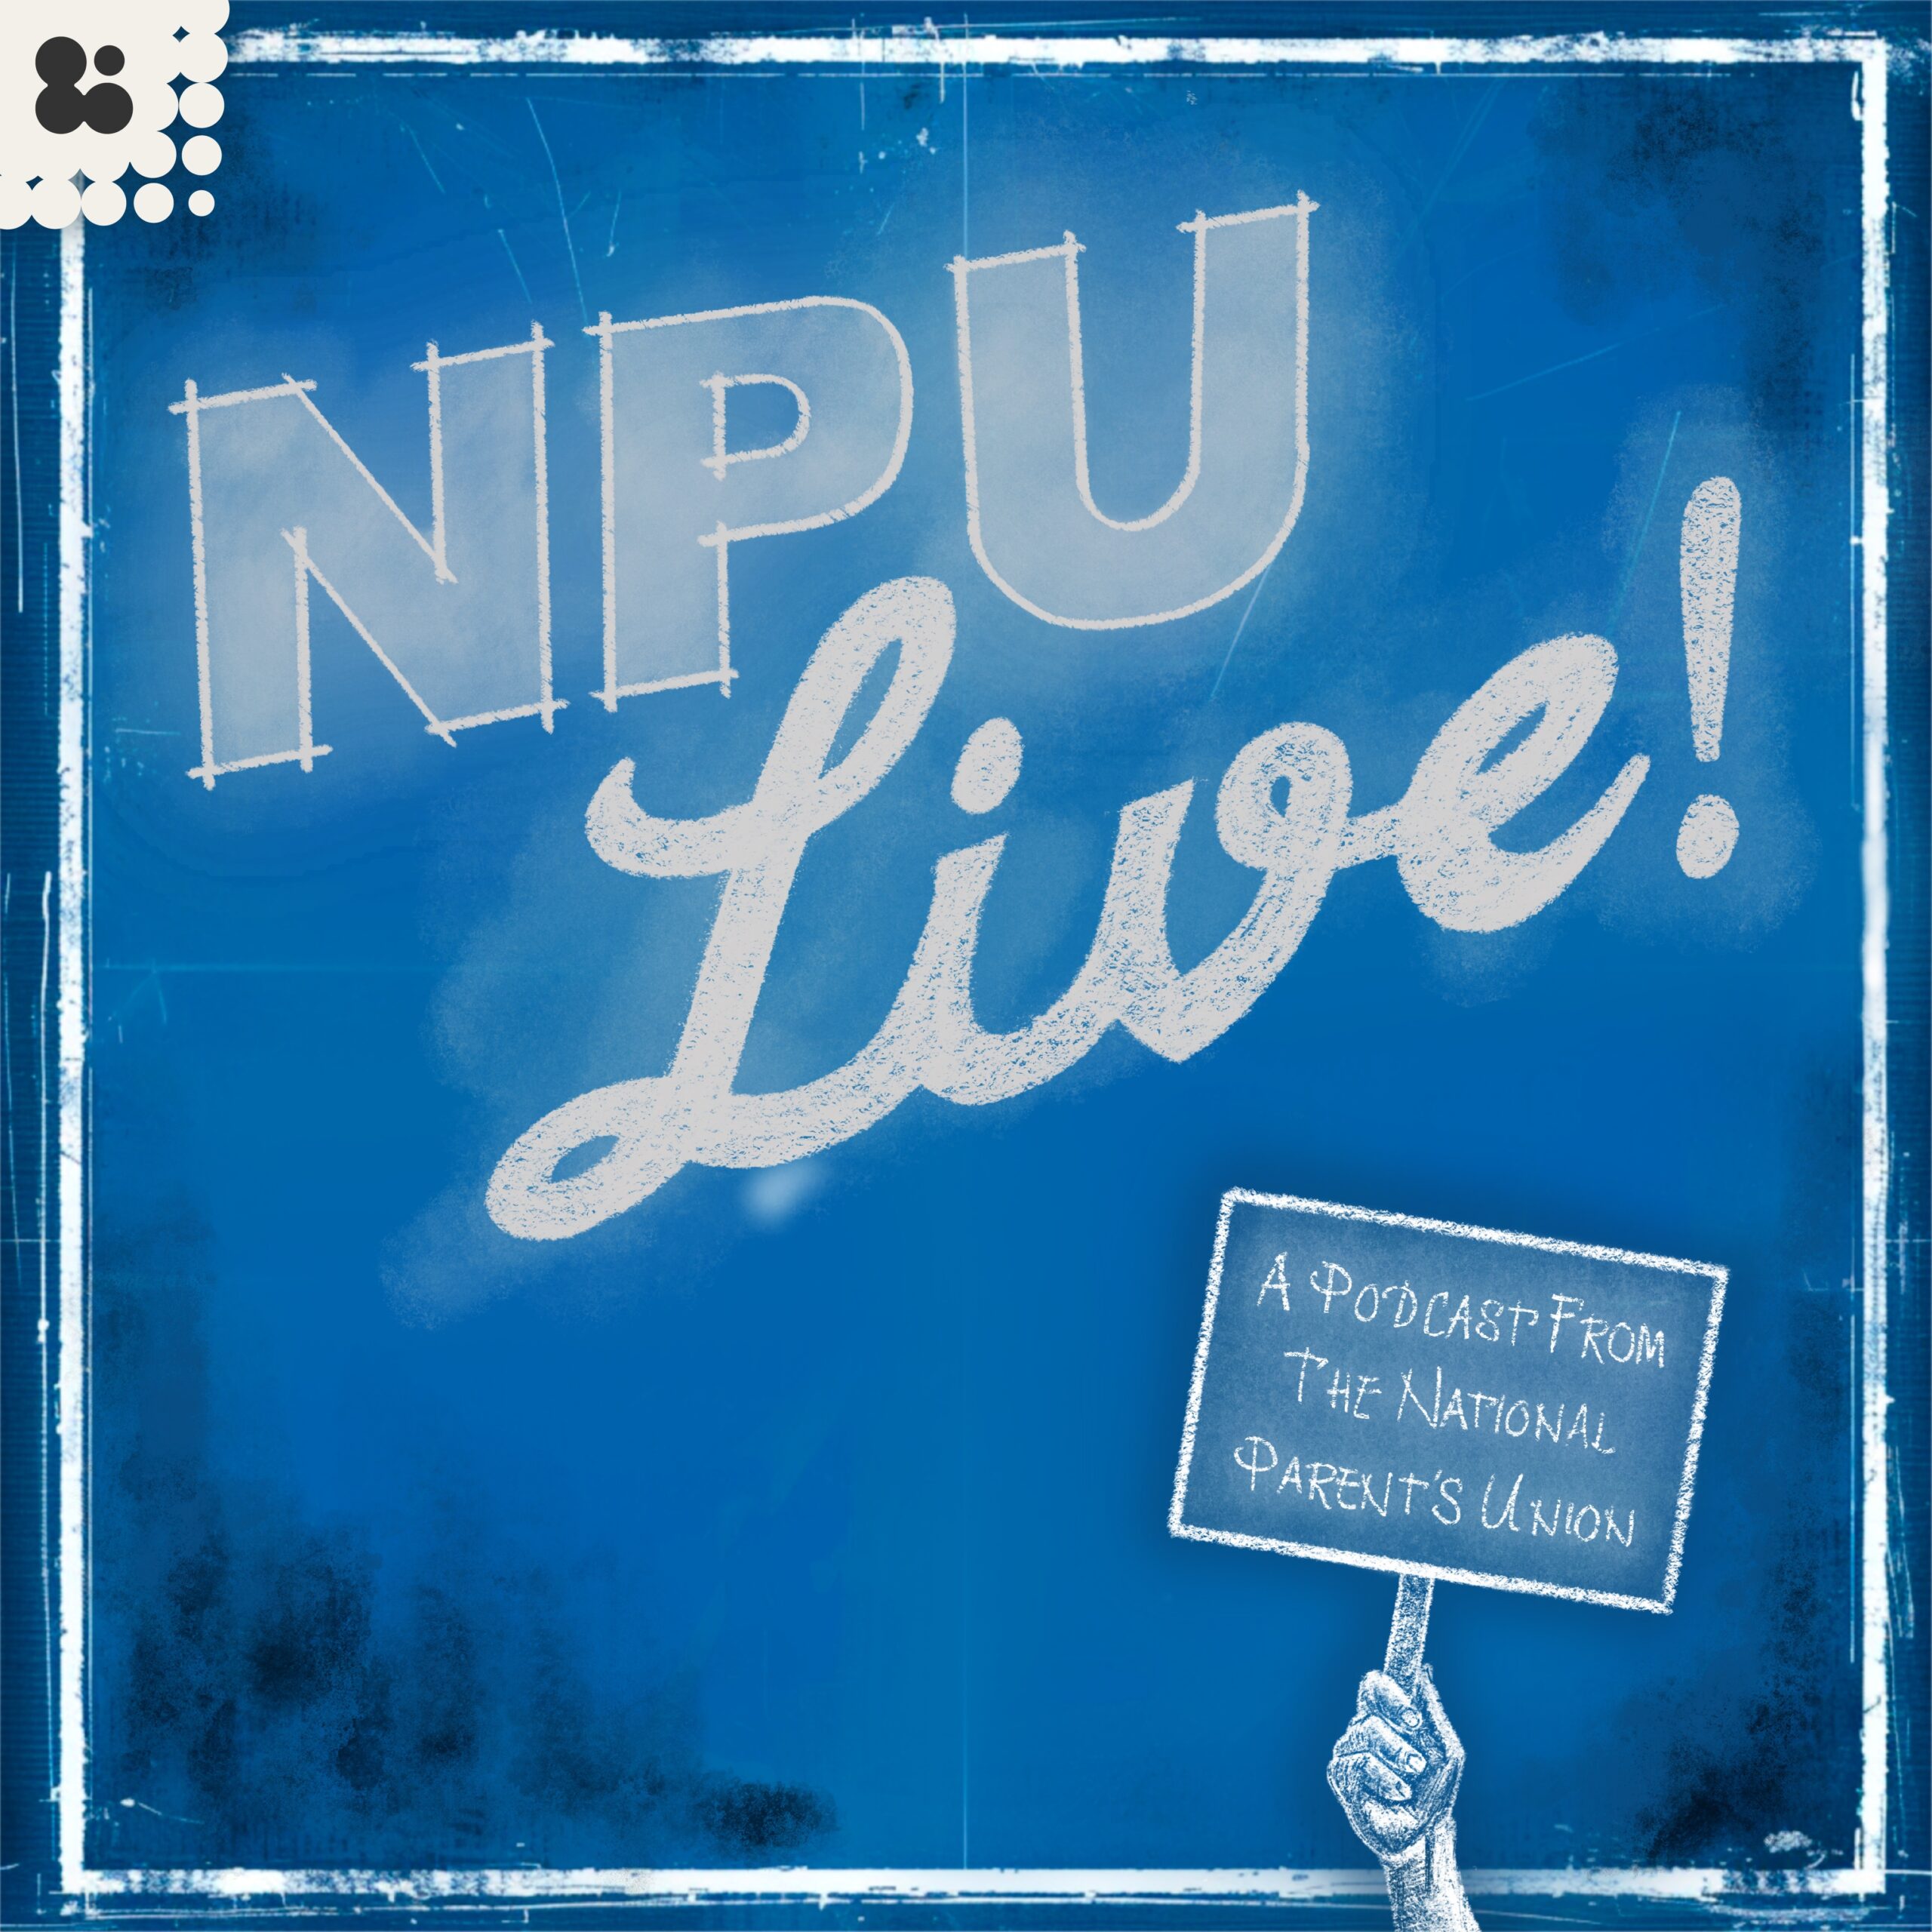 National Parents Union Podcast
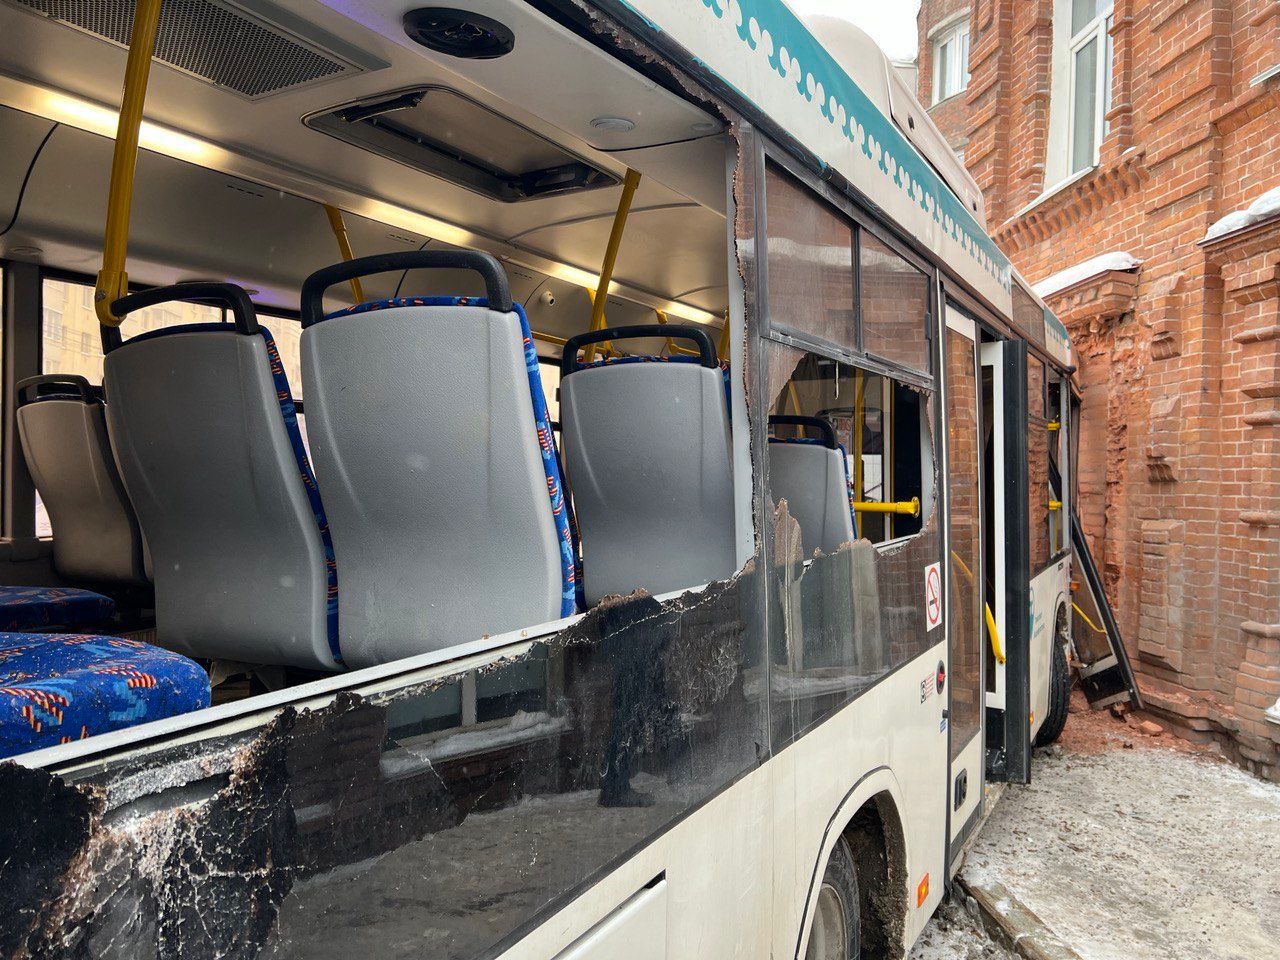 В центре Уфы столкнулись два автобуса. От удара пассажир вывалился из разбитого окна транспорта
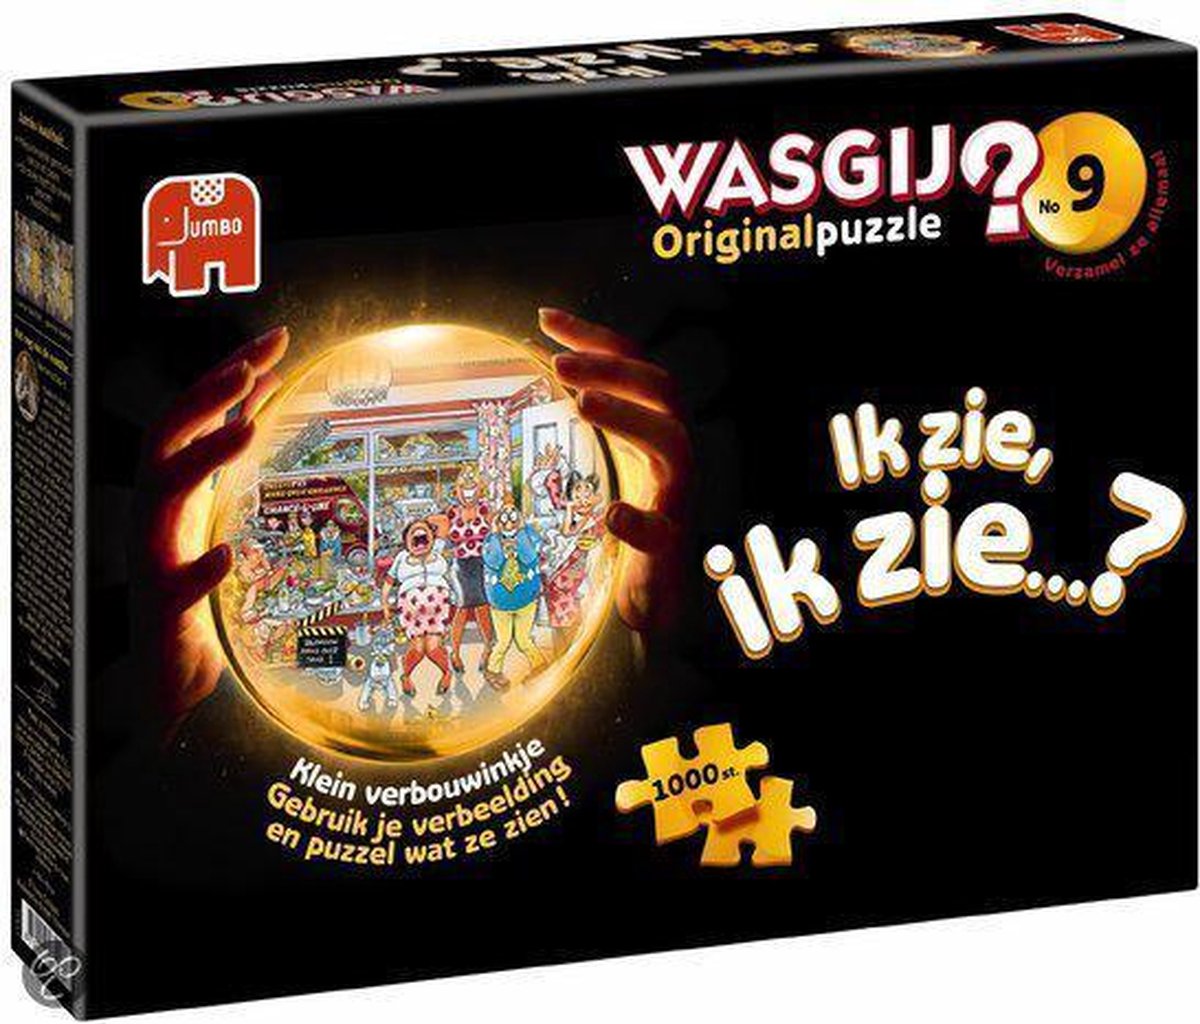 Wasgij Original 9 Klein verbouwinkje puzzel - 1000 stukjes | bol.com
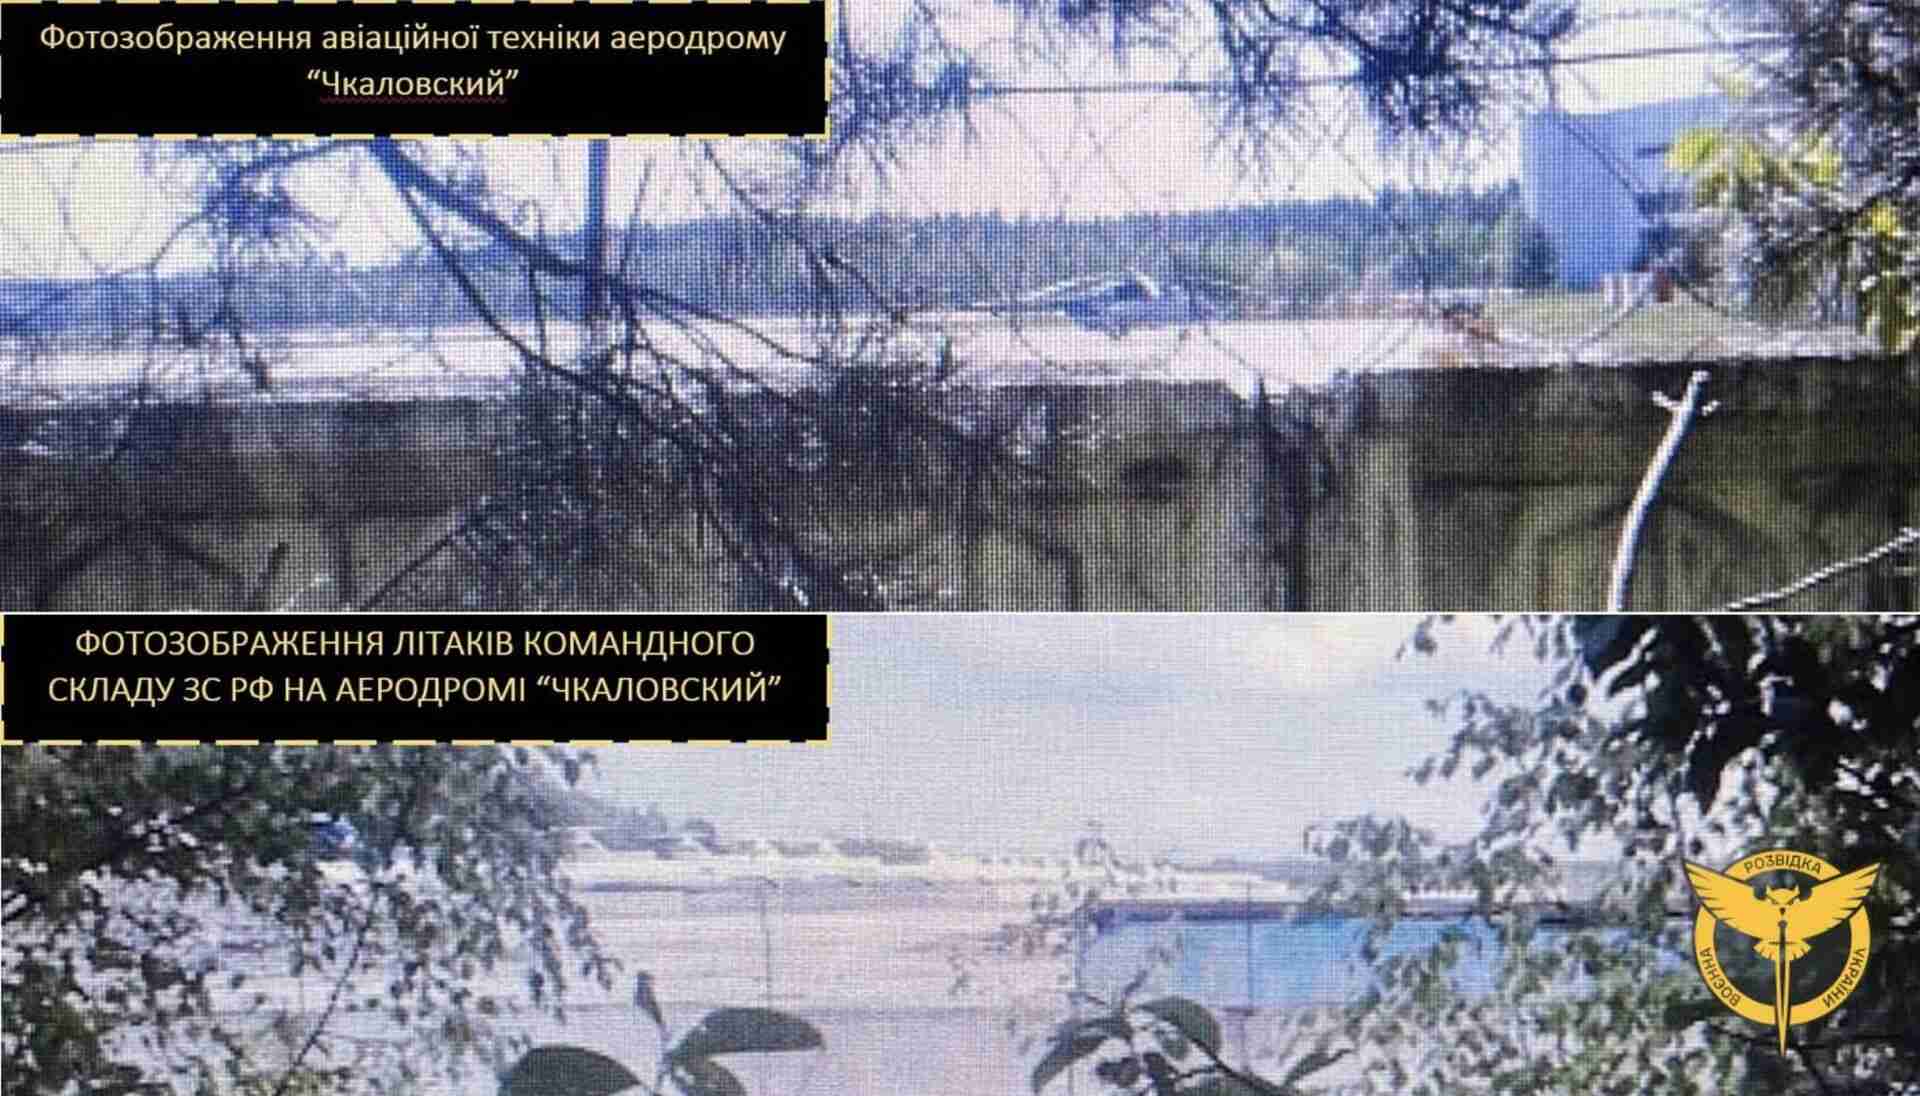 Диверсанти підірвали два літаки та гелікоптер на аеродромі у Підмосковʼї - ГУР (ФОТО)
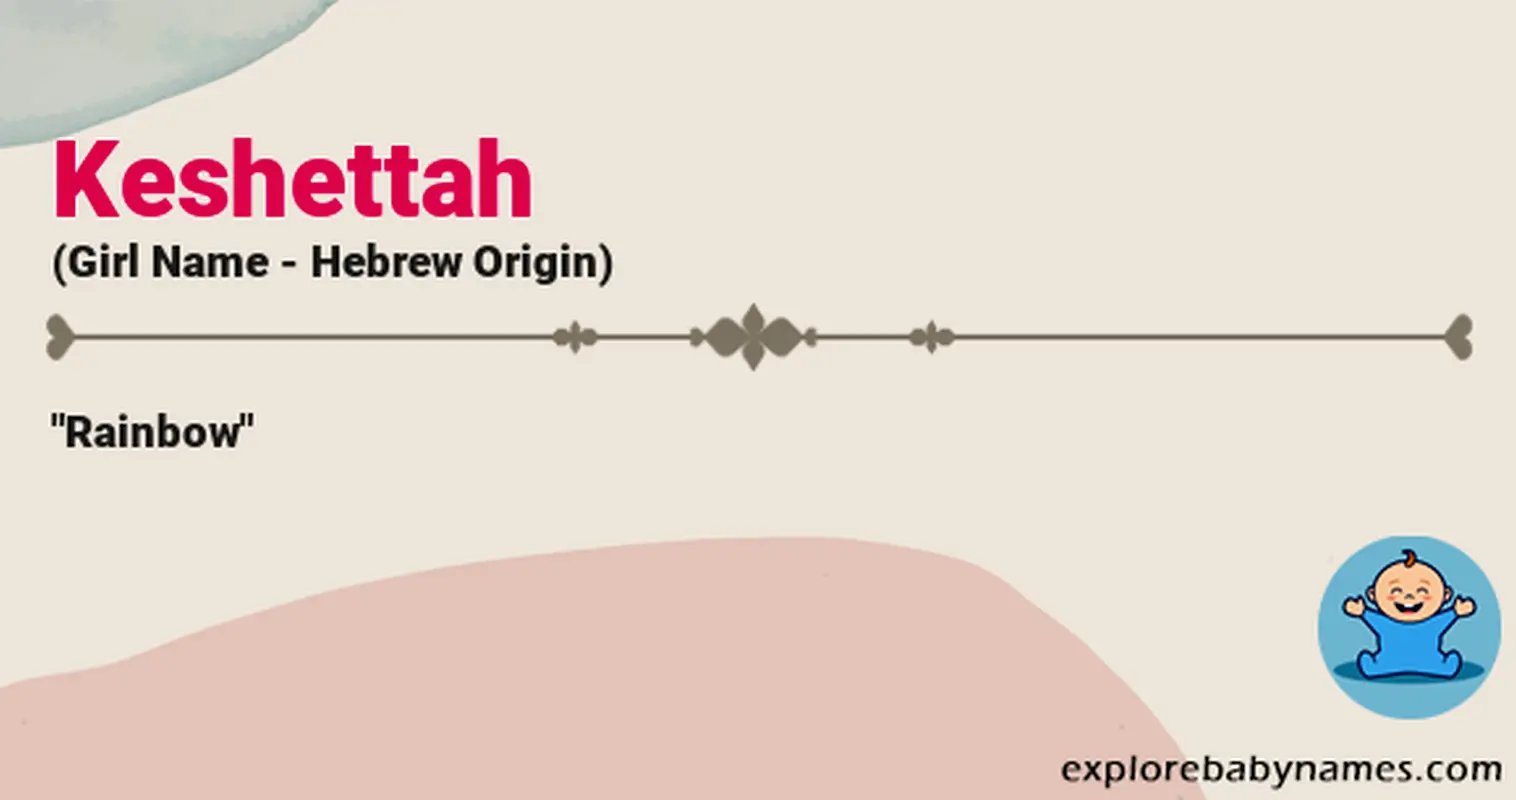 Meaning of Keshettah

- **What is expected**
The answer should contain only the lines from the one with "Wasgij Original 9" through the last line of the material, given word for word and without pictures.

- **Solution**
 Wasgij Original 9 Klein verbouwinkje puzzel - 1000 stukjes | bol.com
 Диверсанти підірвали два літаки та гелікоптер на аеродромі у Підмосковʼї - ГУР (ФОТО)
 Meaning of Keshettah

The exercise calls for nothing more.